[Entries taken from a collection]
==*==

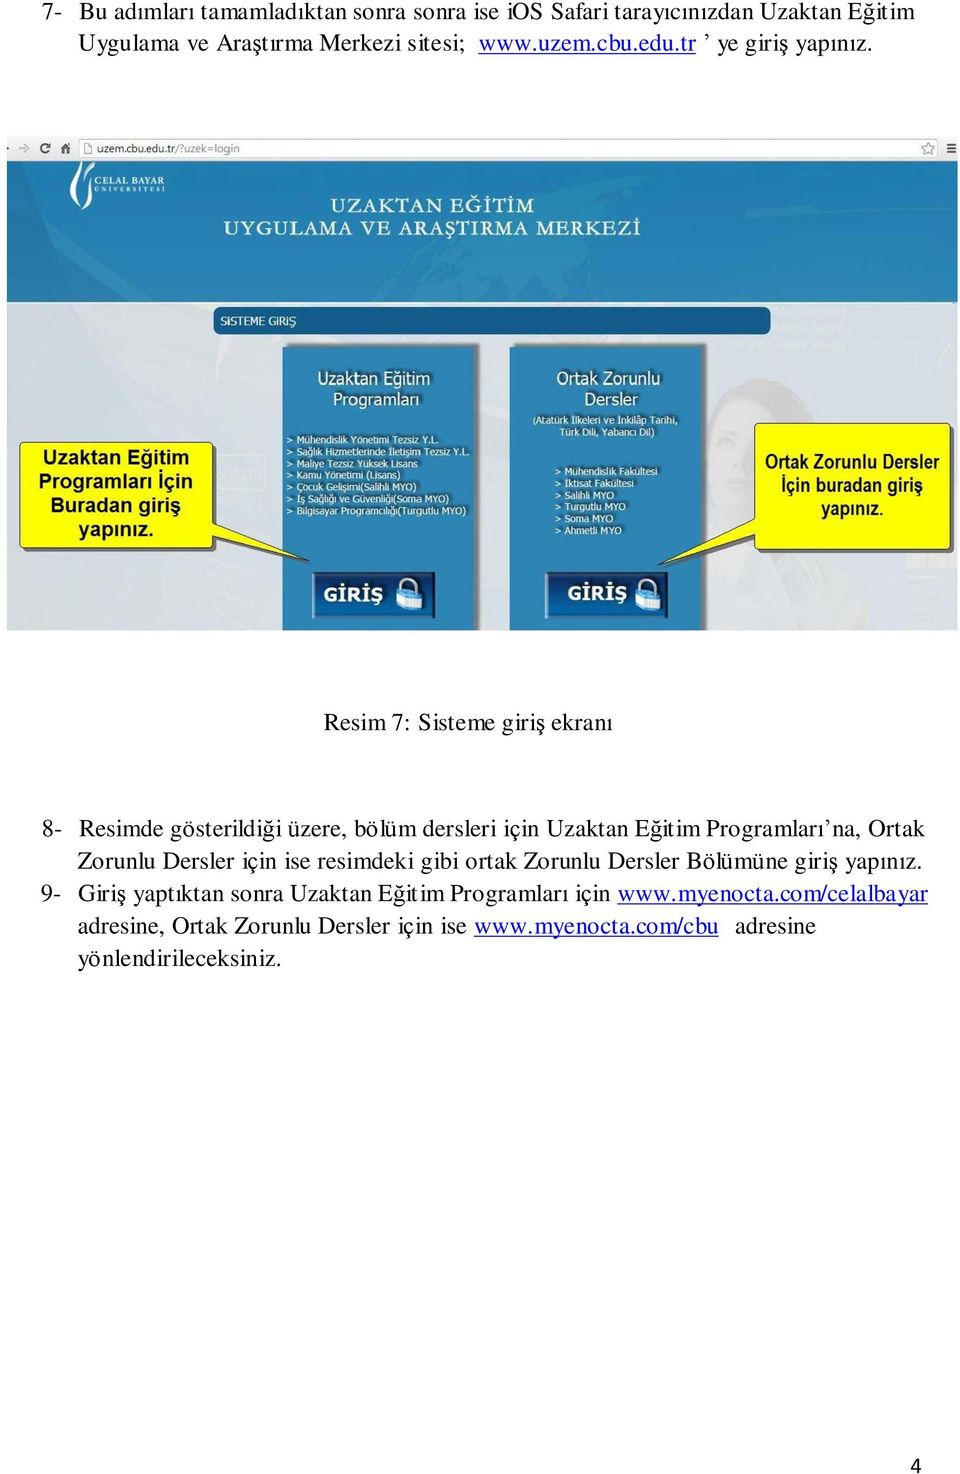 Resim 7: Sisteme giriş ekranı 8- Resimde gösterildiği üzere, bölüm dersleri için Uzaktan Eğitim Programları na, Ortak Zorunlu Dersler
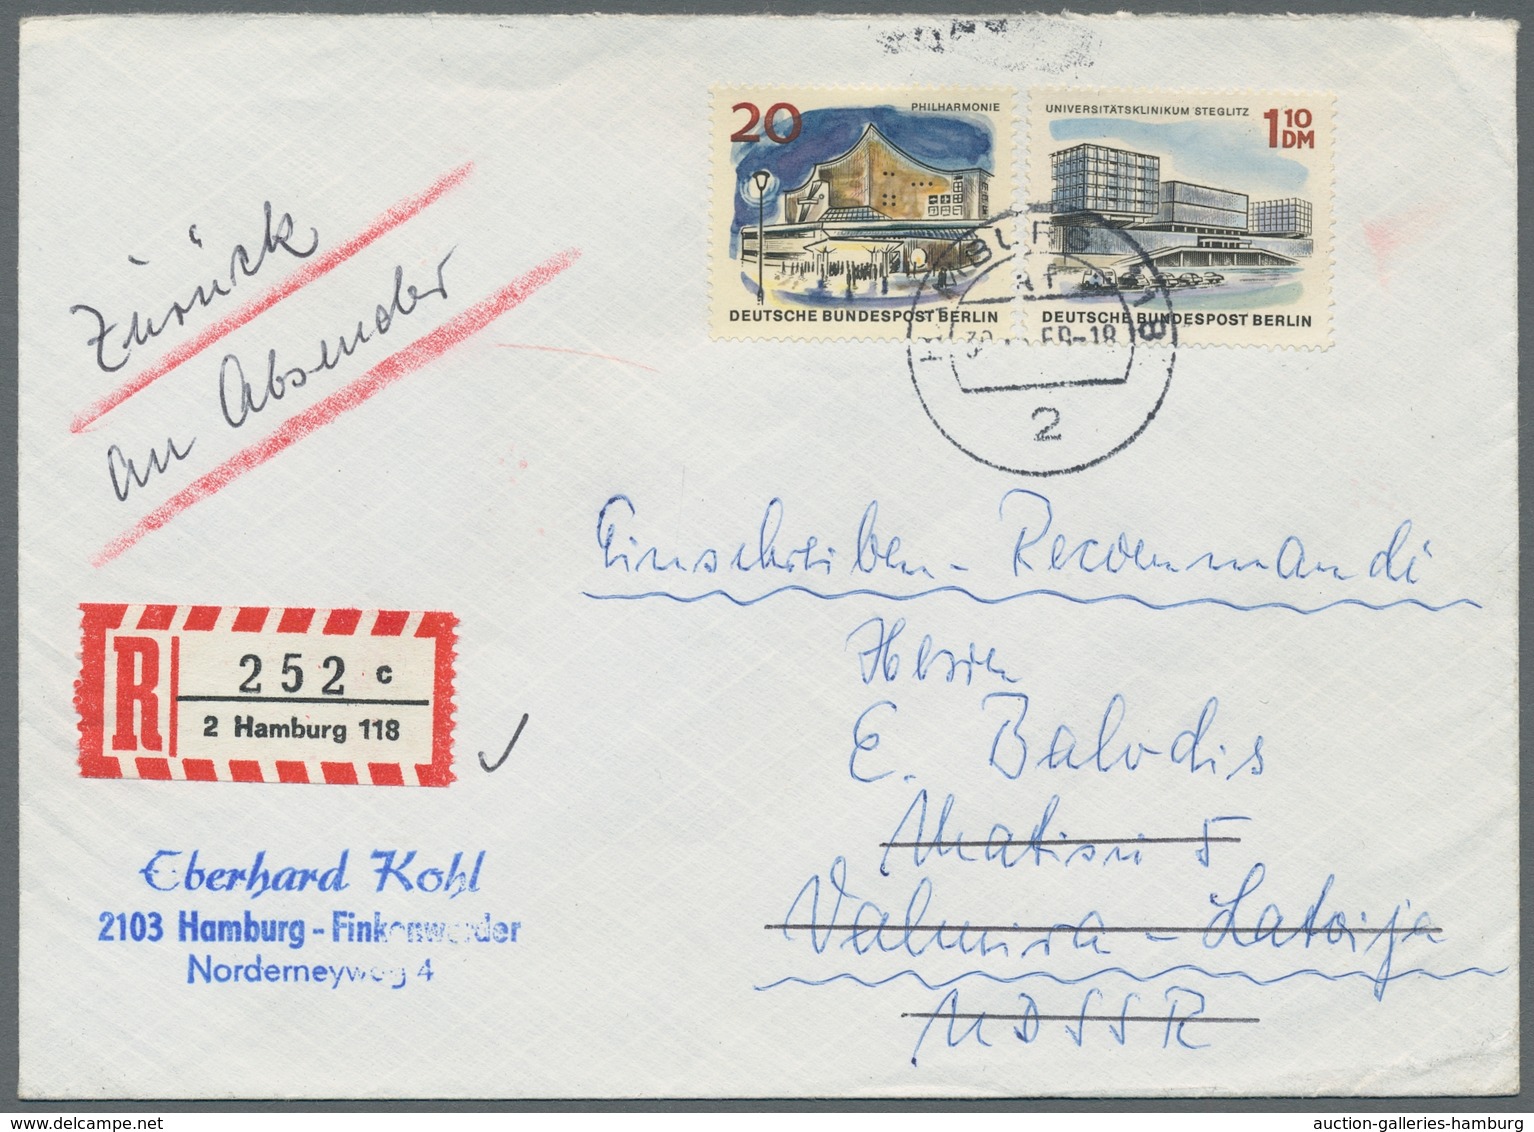 Bundesrepublik und Berlin - Postkrieg: 1951-1971, Postkrieg Partie von 25 Briefen und Postkarten mit
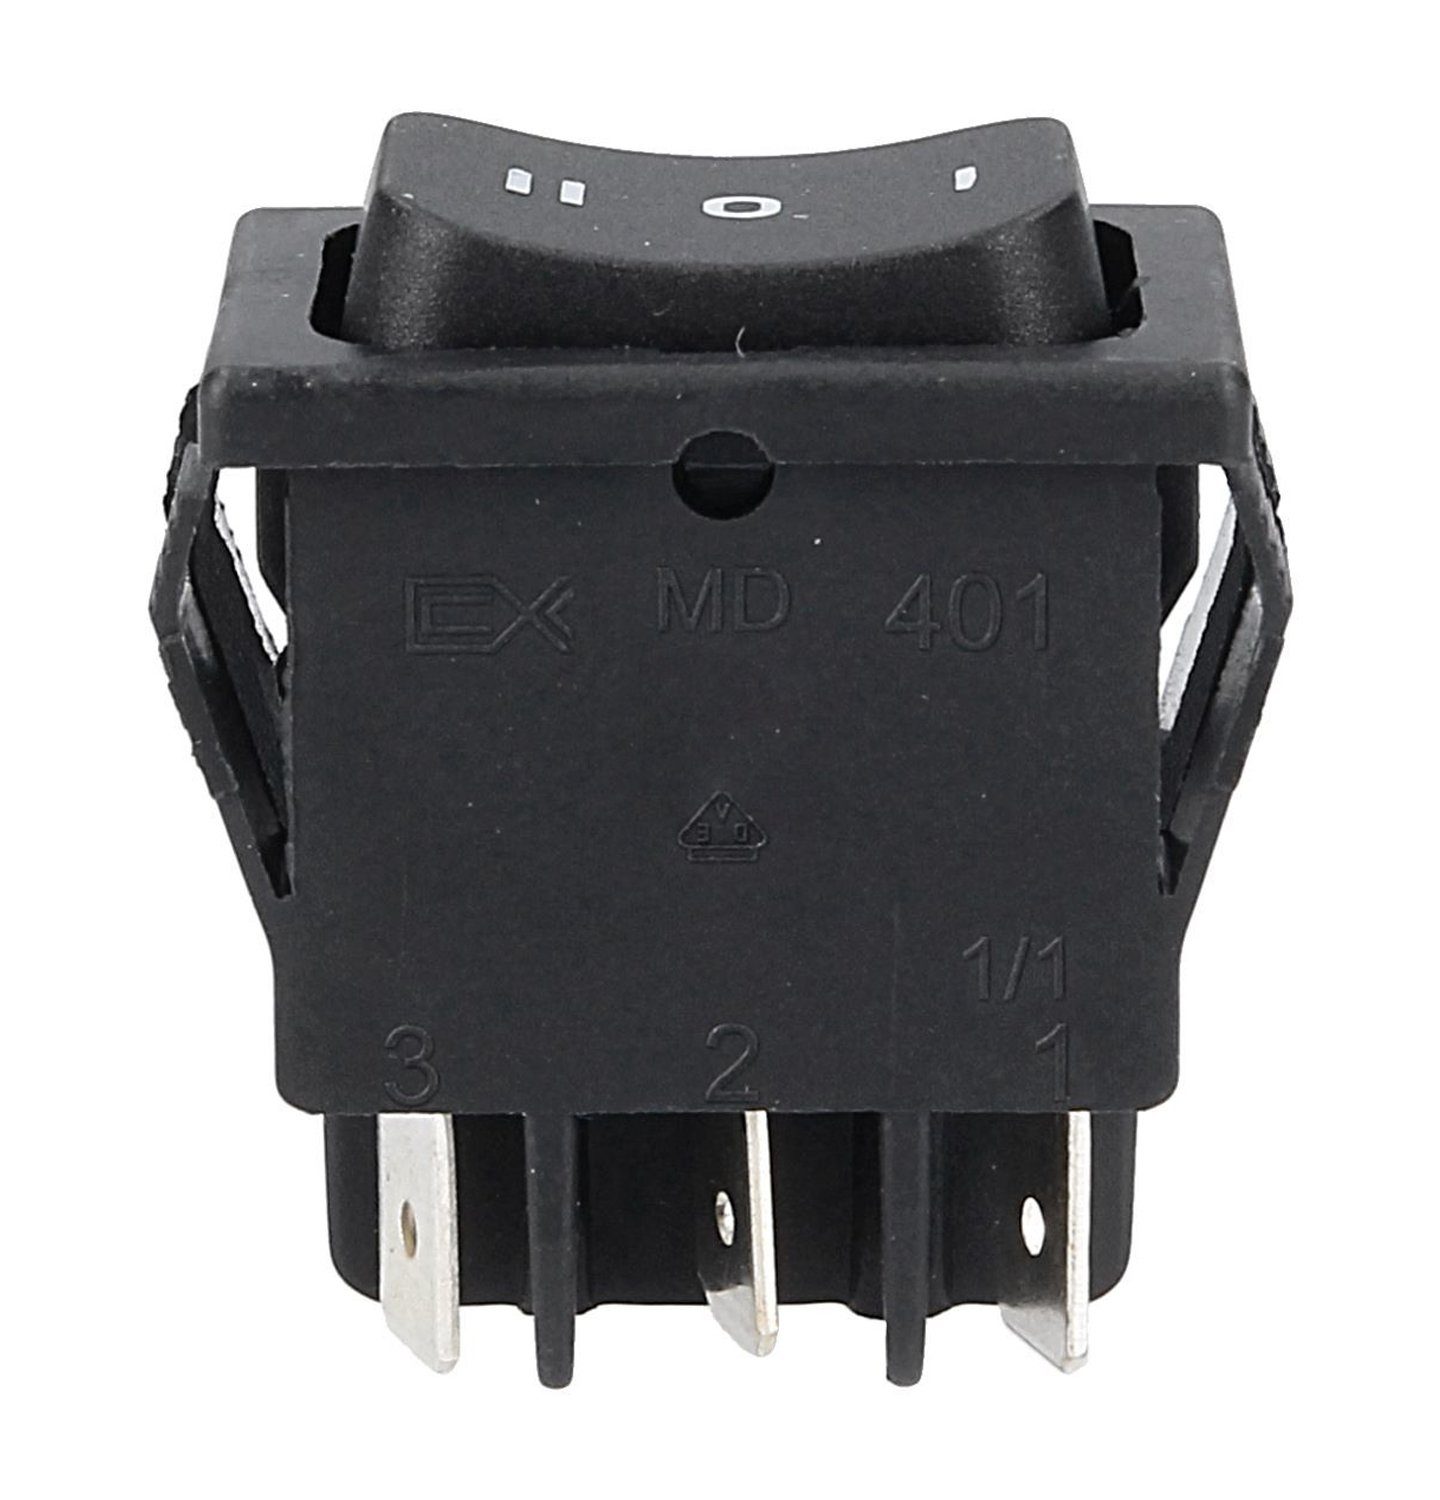 VIOKS Schalter Wippschalter, 1 - 0 - 2 Schaltfolge 32x22mm Einbaumaß  schwarz für Kleingeräte
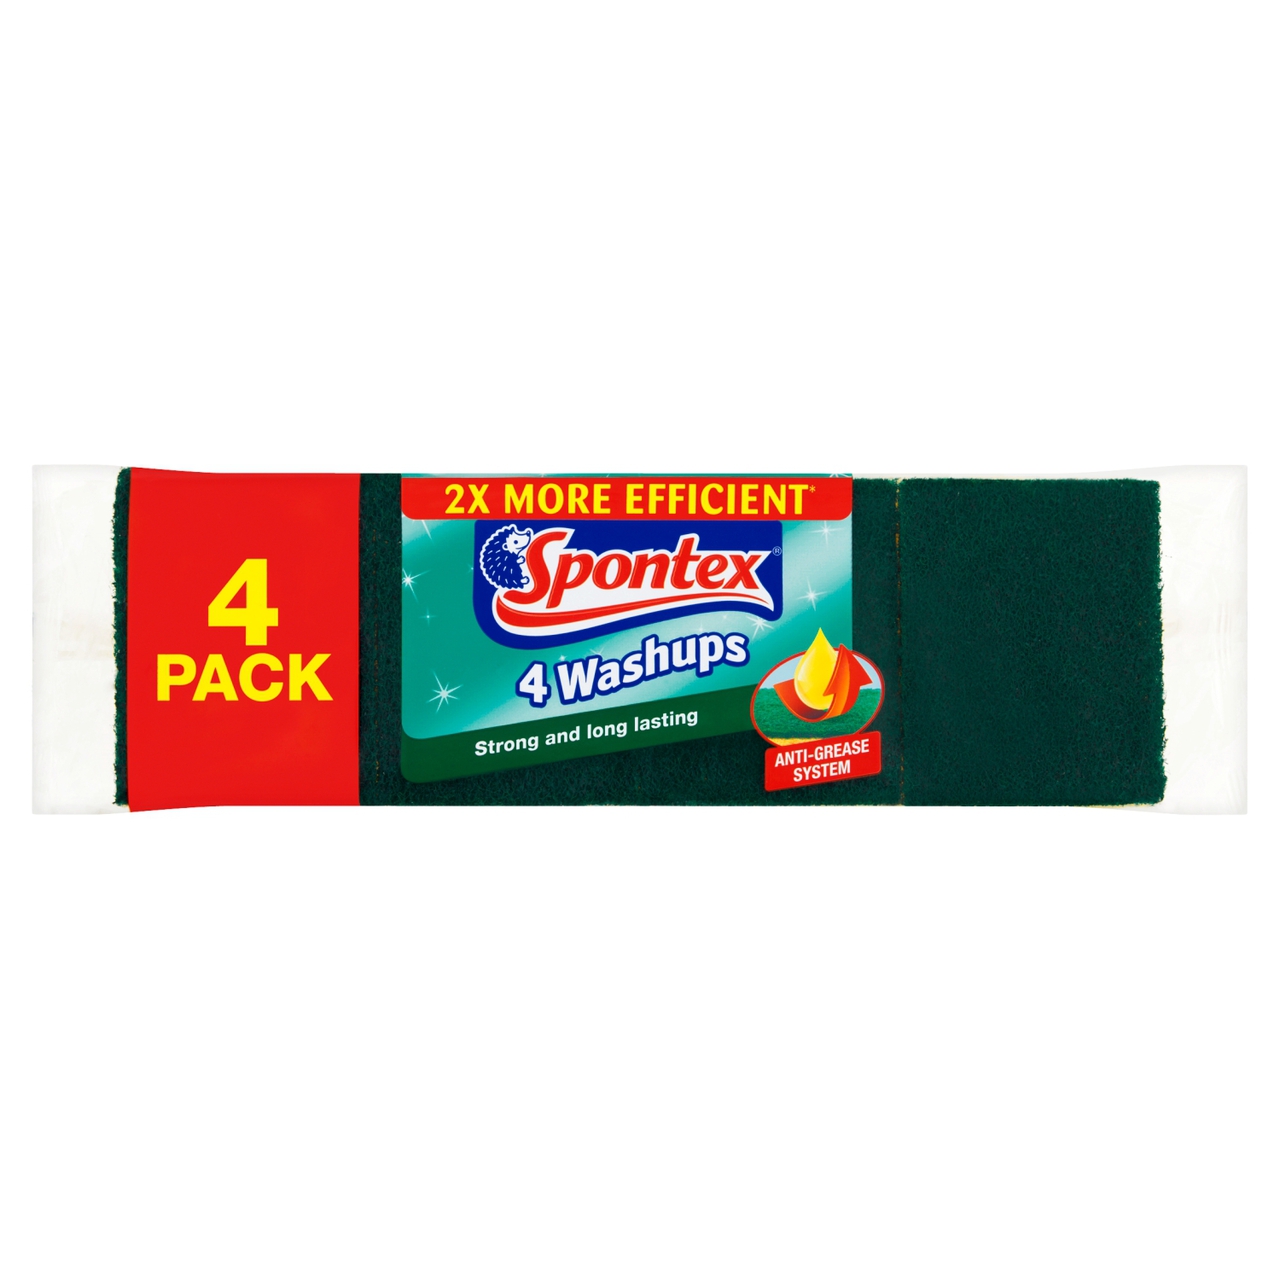 Spontex Washups 4 per pack
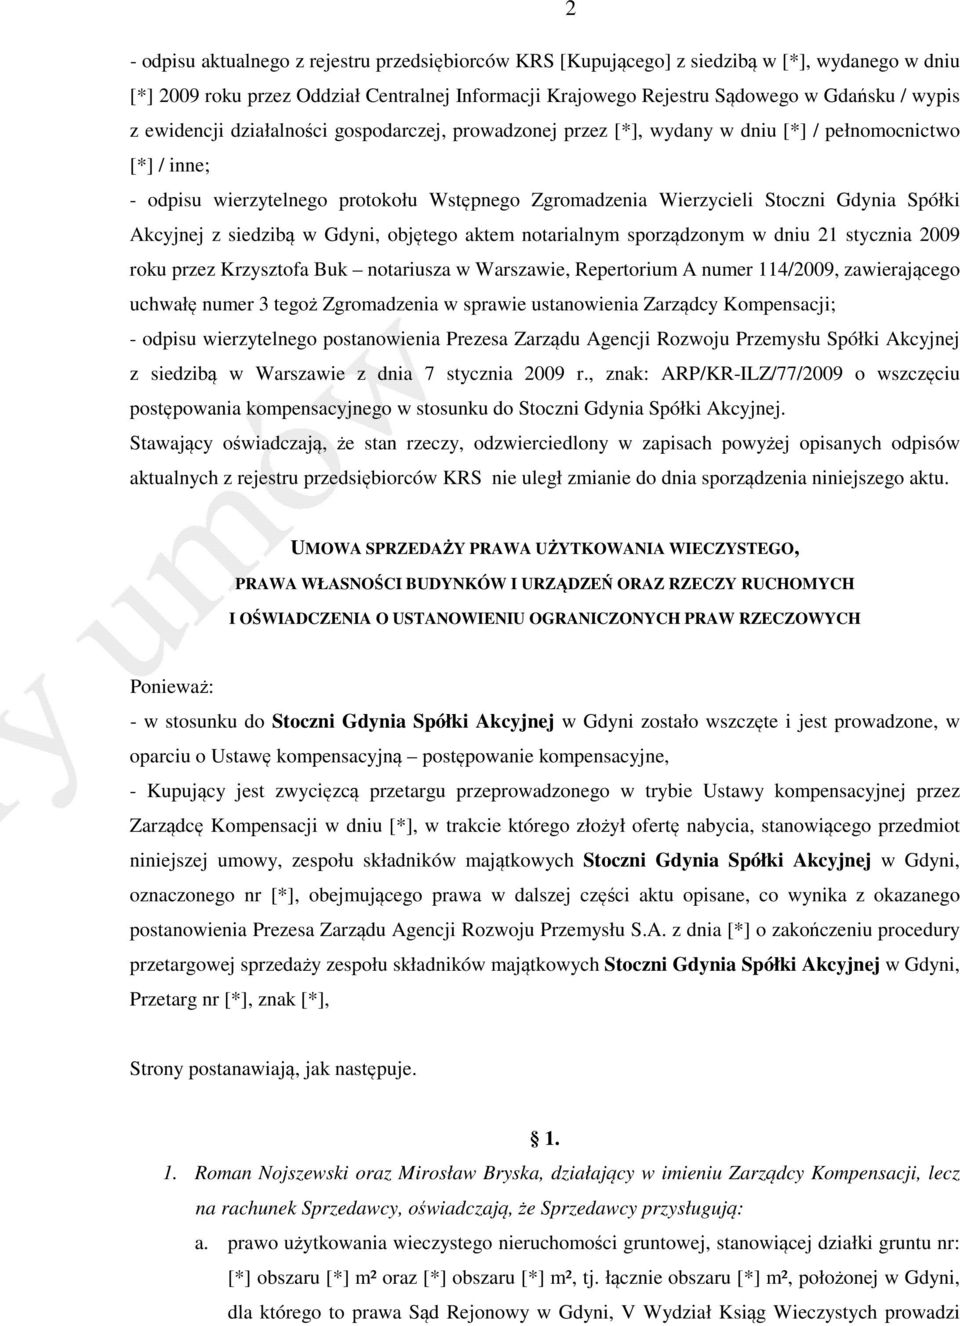 Akcyjnej z siedzibą w Gdyni, objętego aktem notarialnym sporządzonym w dniu 21 stycznia 2009 roku przez Krzysztofa Buk notariusza w Warszawie, Repertorium A numer 114/2009, zawierającego uchwałę

==*==

Once the pictures are set aside, repeat the remaining data word for word.

Written solution →
 Resim 7: Sisteme giriş ekranı 8- Resimde gösterildiği üzere, bölüm dersleri için Uzaktan Eğitim Programları na, Ortak Zorunlu Dersler
 Bundesrepublik und Berlin - Postkrieg: 1951-1971, Postkrieg Partie von 25 Briefen und Postkarten mit
 VIOKS Schalter Wippschalter, 1 - 0 - 2 Schaltfolge 32x22mm Einbaumaß  schwarz für Kleingeräte
 Spontex Washups 4 per pack
 Akcyjnej z siedzibą w Gdyni, objętego aktem notarialnym sporządzonym w dniu 21 stycznia 2009 roku przez Krzysztofa Buk notariusza w Warszawie, Repertorium A numer 114/2009, zawierającego uchwałę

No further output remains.